Wilhelm Wien, in full Wilhelm Carl Werner Otto Fritz Franz Wien, (born January 13, 1864, Gaffken, Prussia [now Parusnoye, Russia]—died August 30, 1928, Munich, Germany), German physicist who received the Nobel Prize for Physics in 1911 for his displacement law concerning the radiation emitted by the perfectly efficient blackbody (a surface that absorbs all radiant energy falling on it).

Wien obtained his doctorate at the University of Berlin in 1886 and soon began to work on the problem of radiation. Although the radiation emitted from a blackbody is distributed over a wide range of wavelengths, there is an intermediate wavelength at which the radiation reaches a maximum. In 1893 Wien stated in his law that this maximum wavelength is inversely proportional to the absolute temperature of the body. Because the accuracy of Wien’s law declined for longer wavelengths, Max Planck was led to further investigations culminating in his quantum theory of radiation.

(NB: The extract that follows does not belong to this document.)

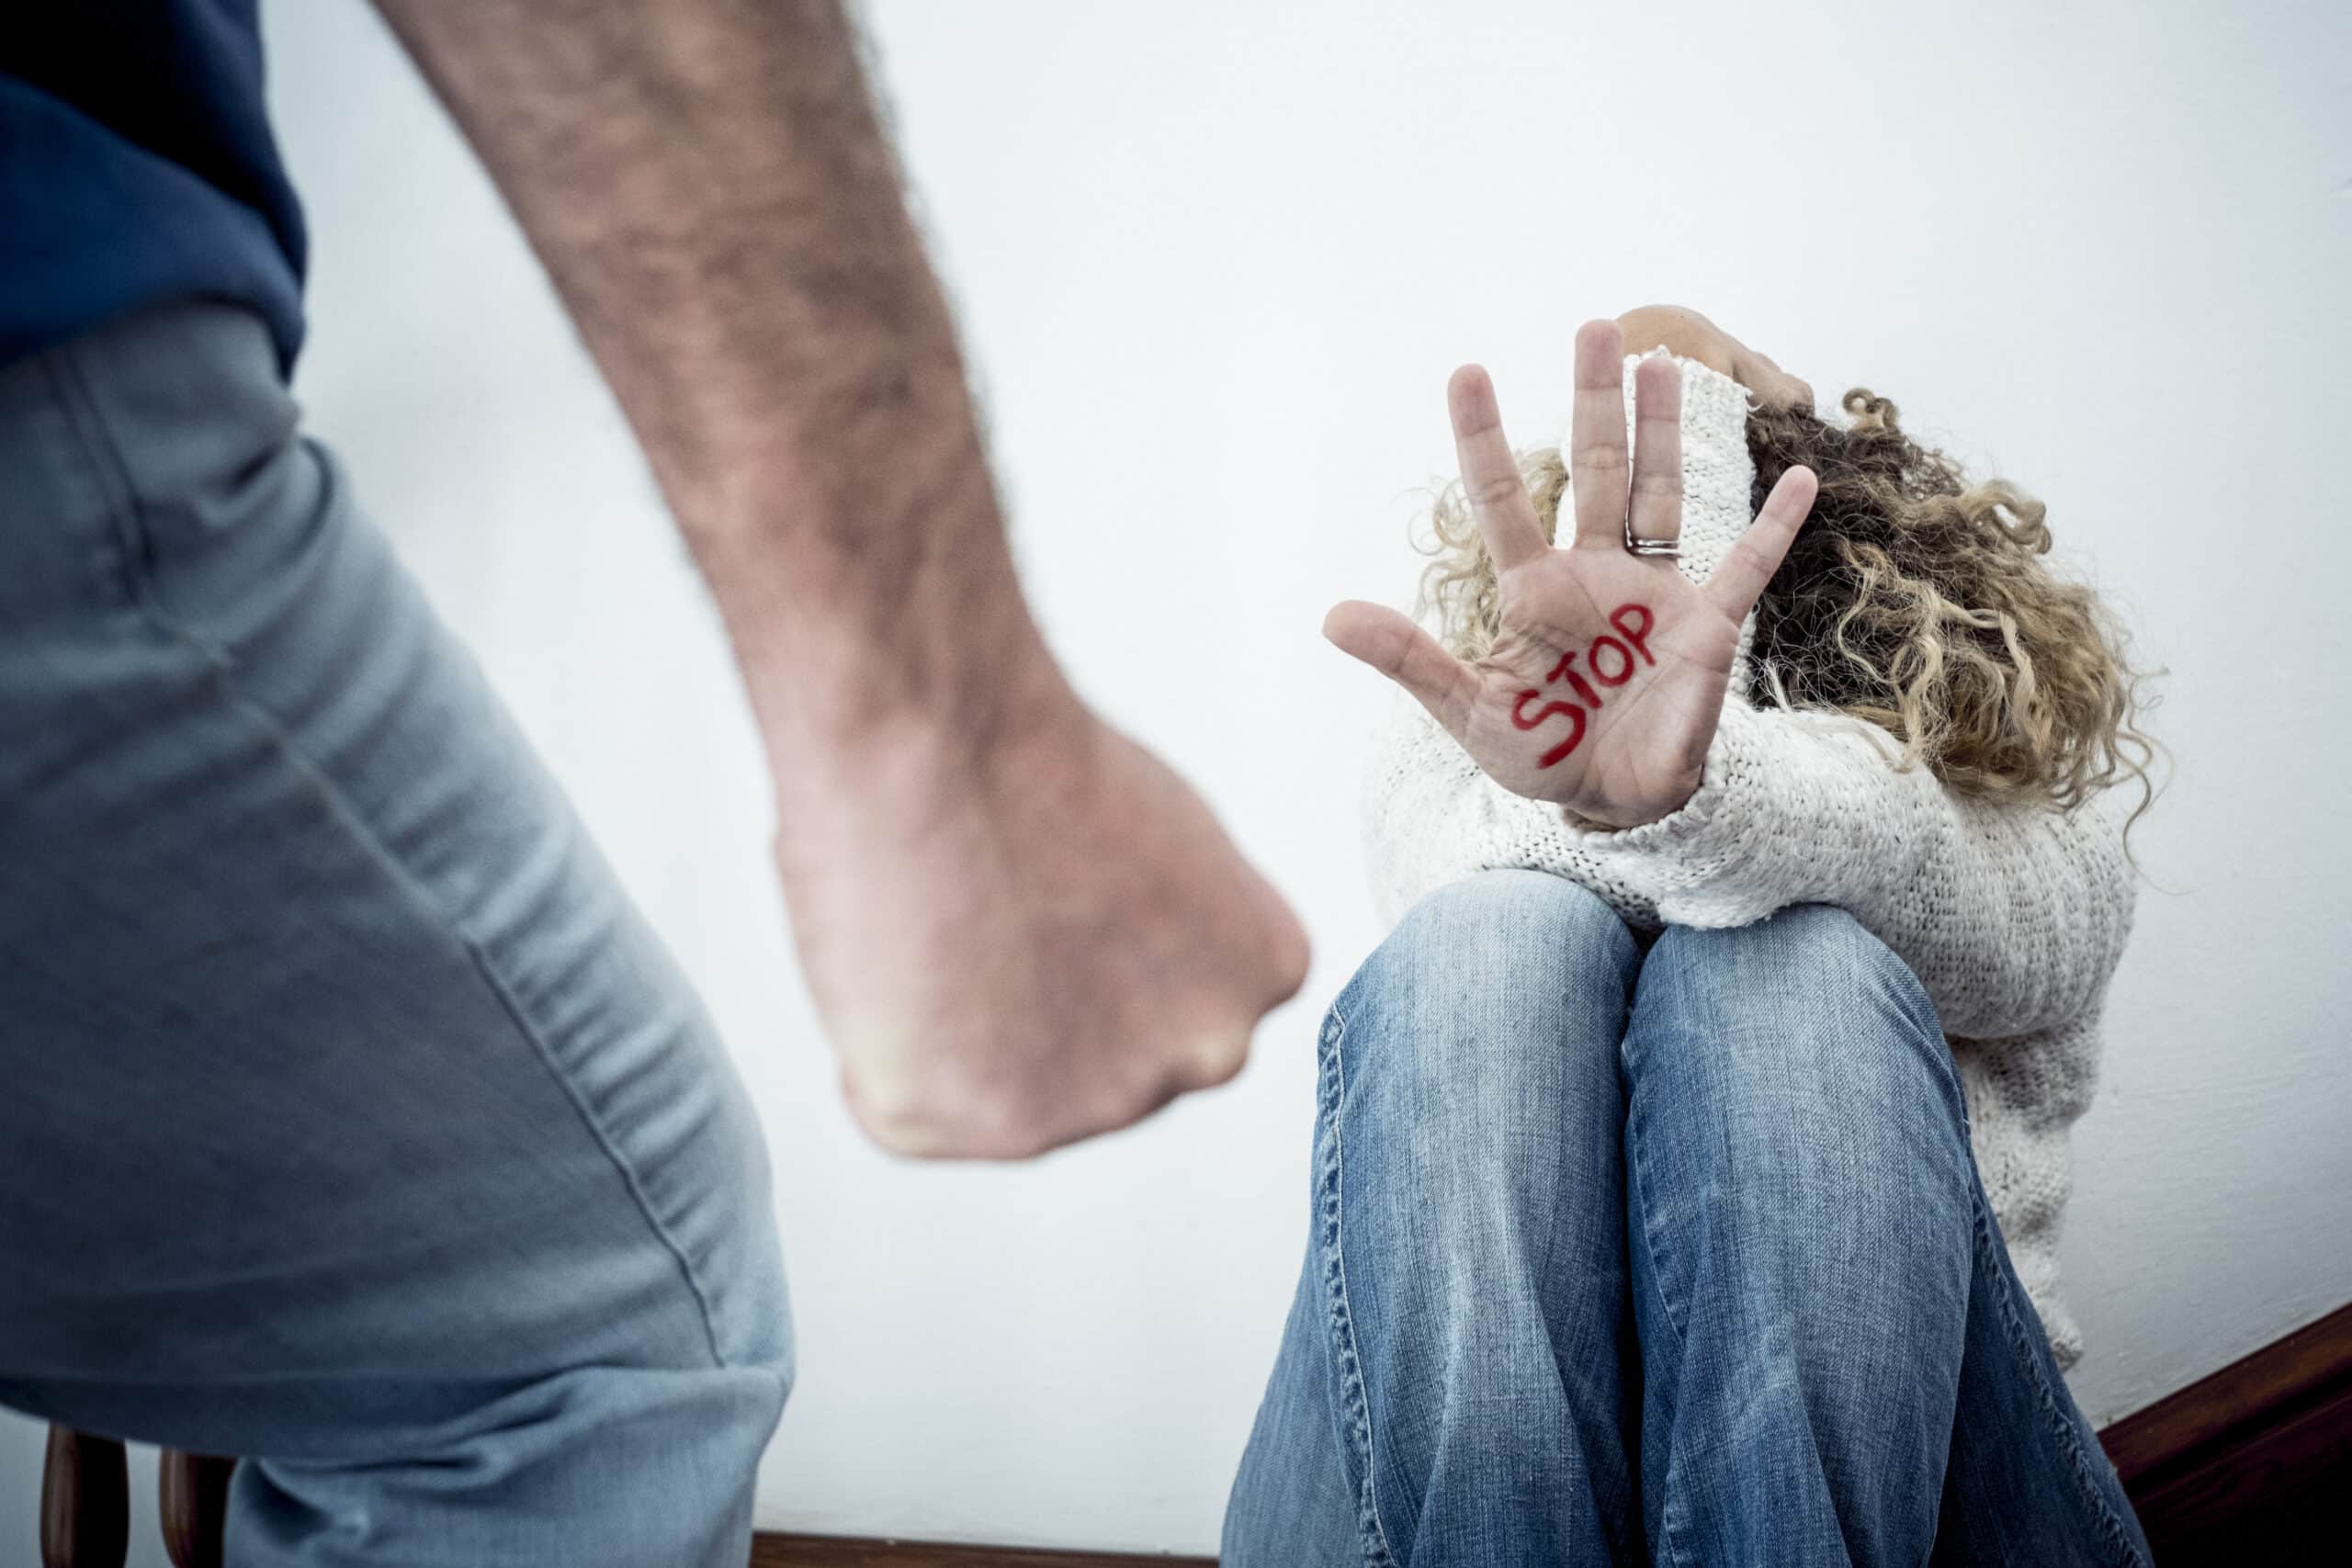 Who Can File A Domestic Violence Restraining Order In Wisconsin?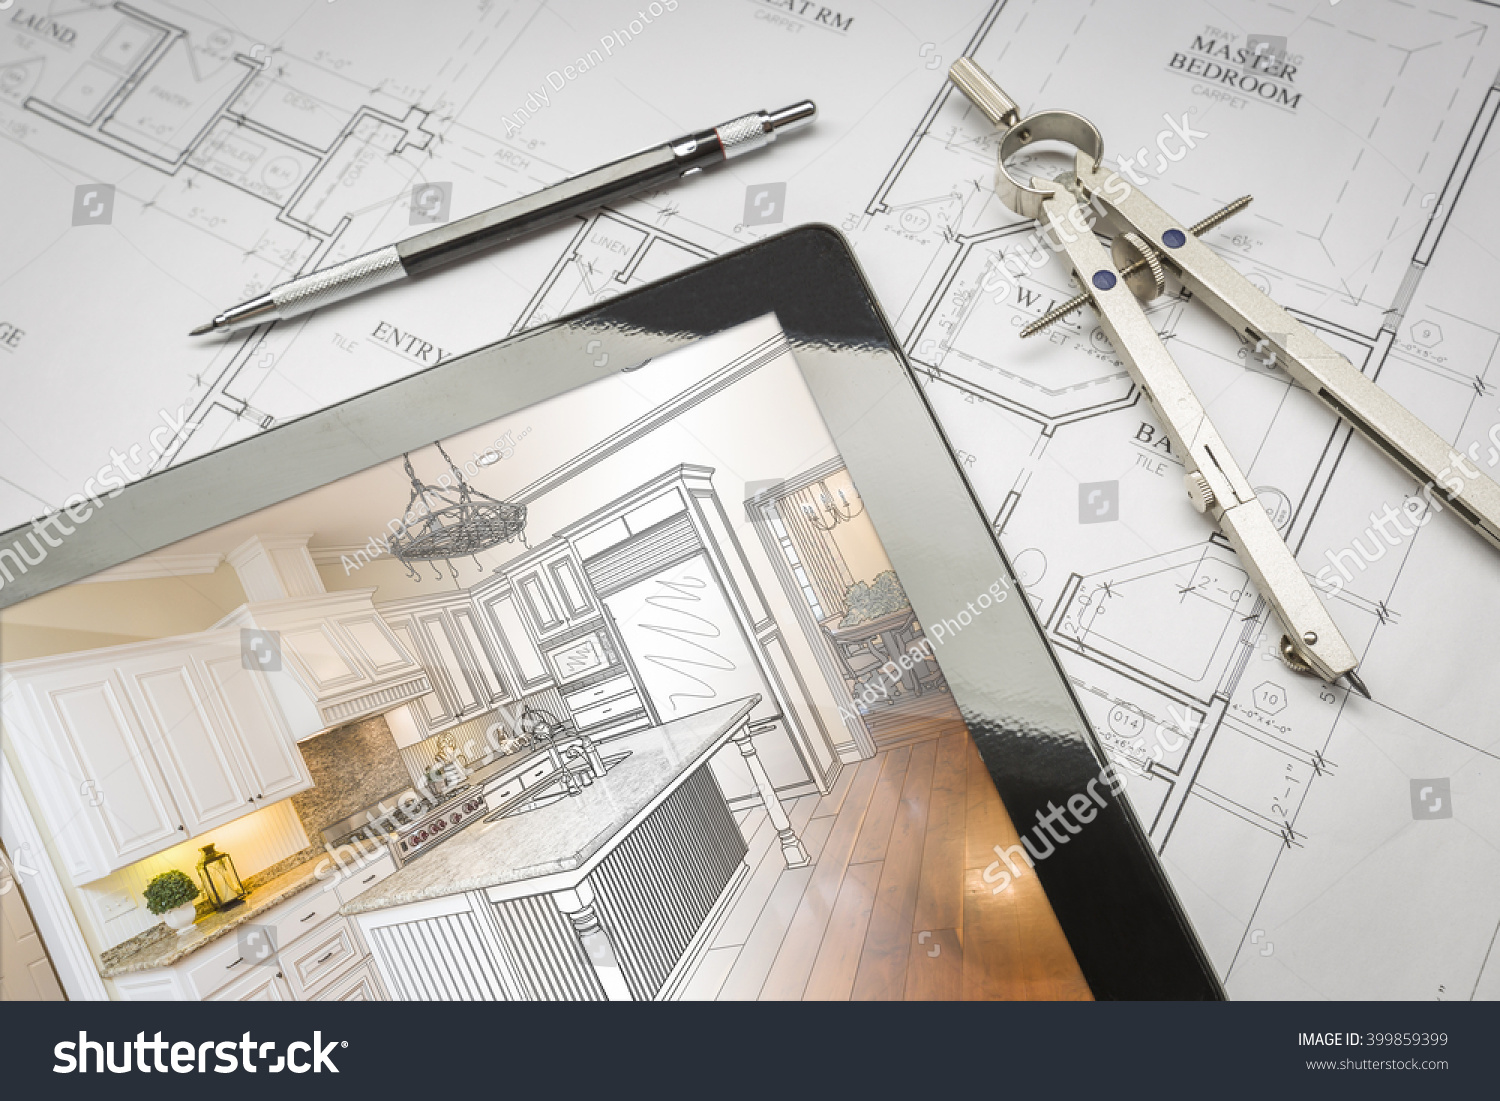 Computer Tablet Showing Kitchen Illustration Sitting On House Plans With Pencil and Compass. #399859399

Wien was appointed professor of physics at the University of Giessen in 1899 and at the University of Munich in 1920. He also made contributions in the study of cathode rays (electron beams), X rays, and canal rays (positively charged atomic beams). His autobiography was published under the title ‘Aus dem Leben und Wirken eines Physikers’ (1930; “From the Life and Work of a Physicist”).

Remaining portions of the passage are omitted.